The "Outline for Cultural Formulation" in DSM-IV systematically calls attention to five distinct aspects of the cultural context of illness and their relevance to diagnosis and care. The clinician is encouraged to:

  1. Inquire about patients' cultural identity to determine their ethnic or cultural reference group, language abilities, language use, and language preference,
  2. Explore possible cultural explanations of the illness, including patients' idioms of distress, the meaning and perceived severity of their symptoms in relation to the norms of the patients' cultural reference group, and their current preferences for, as well as past experiences with, professional and popular sources of care,
  3. Consider cultural factors related to the psychosocial environment and levels of functioning. This assessment includes culturally relevant interpretations of social stressors, available support, and levels of functioning, as well as patients' disability,
  4. Critically examine cultural elements in the patient-clinician relationshipto determine differences in culture and social status between them and how those differences affect the clinical encounter, ranging from communication to rapport and disclosure,
  5. Render an overall cultural assessment for diagnosis and care, meaning that the clinician synthesizes all of the information to determine a course of care.

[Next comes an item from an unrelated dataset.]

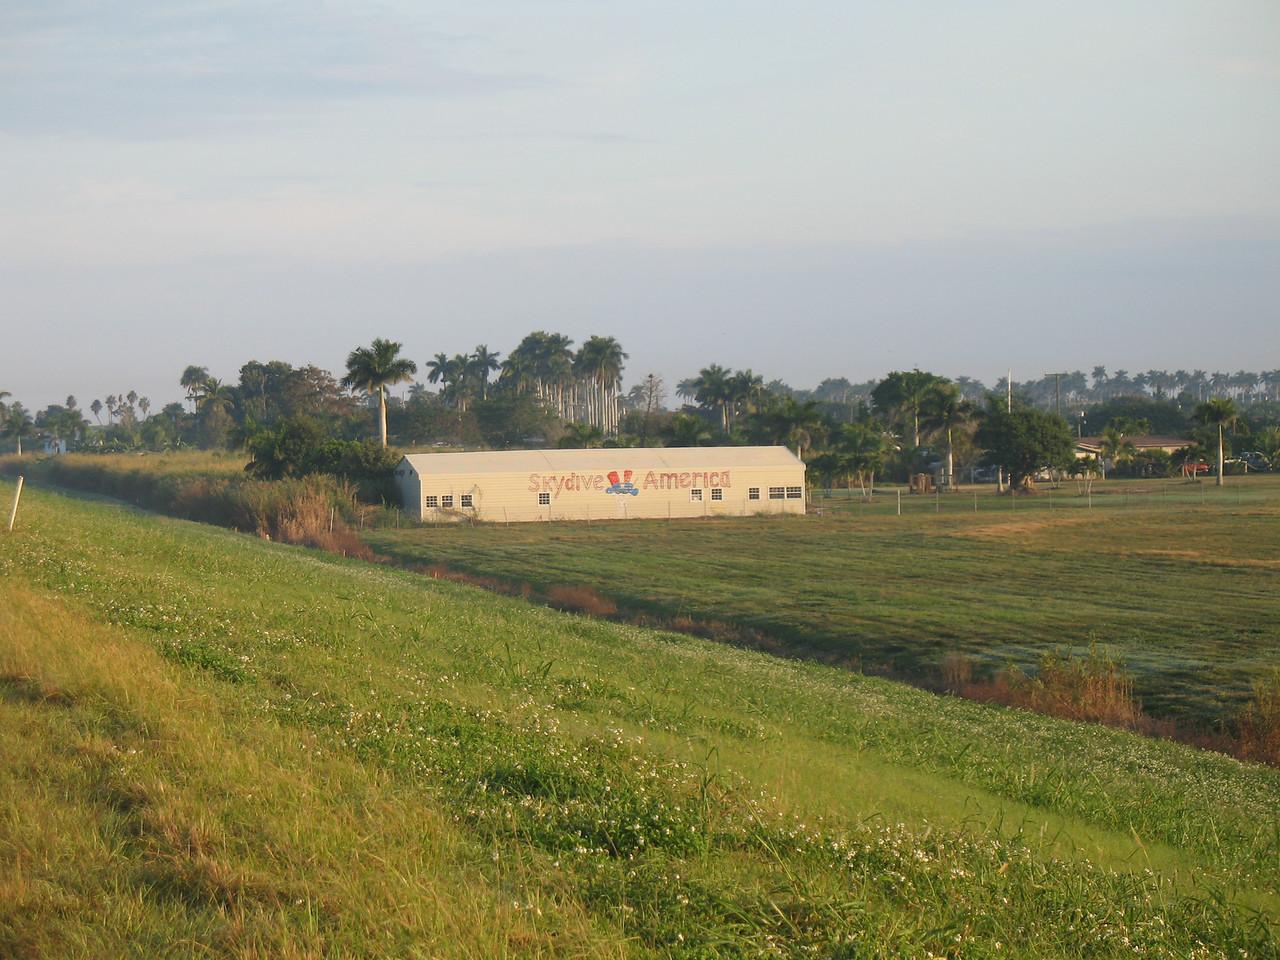 Royal palms at the south edge of Pahokee, near the airport (Sandra Friend)

The "Outline for Cultural Formulation" has been heralded as a major step forward, but with limitations related to its scope, depth, and placement in an appendix (see review in Lopez & Guarnaccia, 2000). Because major areas were omitted in the final version of the Outline, some assert that the scope is too narrow to reflect the dynamic role of culture in mental health problems and disorders Lewis-Fernandez & Kleinman, 1995; Mezzich et al., 1999.

Other mental health experts point out that the discussion of idioms of distress is too limited and fails to capture their nuances, from their everyday meanings within a culture to their significance as symptoms of distress and their possible application to many different disorders across cultures Kirmayer & Young, 1998; see also Chapter 6. Finally, placement of the Outline in an appendix is seen as marginalizing the role of culture, instead of appreciating its multifaceted roles across all mental disorders and cultures, including white American culture.

In recognition of the evolving nature of diagnosis, the American Psychiatric Association has an explicit revision process for DSM, which is updated roughly every 10 years to achieve greater objectivity, diagnostic precision, and diagnostic reliability in light of new empirical findings and field testing. Limitations of the current cultural formulation are expected to be addressed in future revisions of DSM. Interest in the role of culture in mental health and mental illness is consistent with the broader trend in neuroscience and genetics, integrative neuroscience. This field strives to explain the powerful effect of experience, in the broadest possible sense, on the structure and function of the brain. Leaders in the field envision that the study of genes and their interaction with the environment will yield new boundaries between mental disorders, which now are divided mostly on the basis of symptom clusters, course of illness, response to treatment, and family history (Hyman, 2000).

The Public Health Approach

The public health field in the United States traces its origins to attempts to control infectious diseases in the late 18th century (Mullan, 1989). Its expansion during the 19th and 20th centuries was tied to the growing awareness of the importance of income, employment, lifestyle, and diet in health and disease (Porter, 1997). The first reports on public health documented higher rates of disease in impoverished, overcrowded communities. The documented effects of population growth, migration to cities, and industrialization brought to light the roles of social forces and the environment in disease causation. By the mid-19th century, public health became a new field grounded in scientific observation and stunning developments in bacteriology (Institute of Medicine [IOM], 1988).

Today the public health approach underpins the Nation's commitment to health and medicine. This population-based approach is concerned with the health of an entire population, including its link to the physical, psychological, cultural, and social environments in which people live, work, and go to school (Chapter 2).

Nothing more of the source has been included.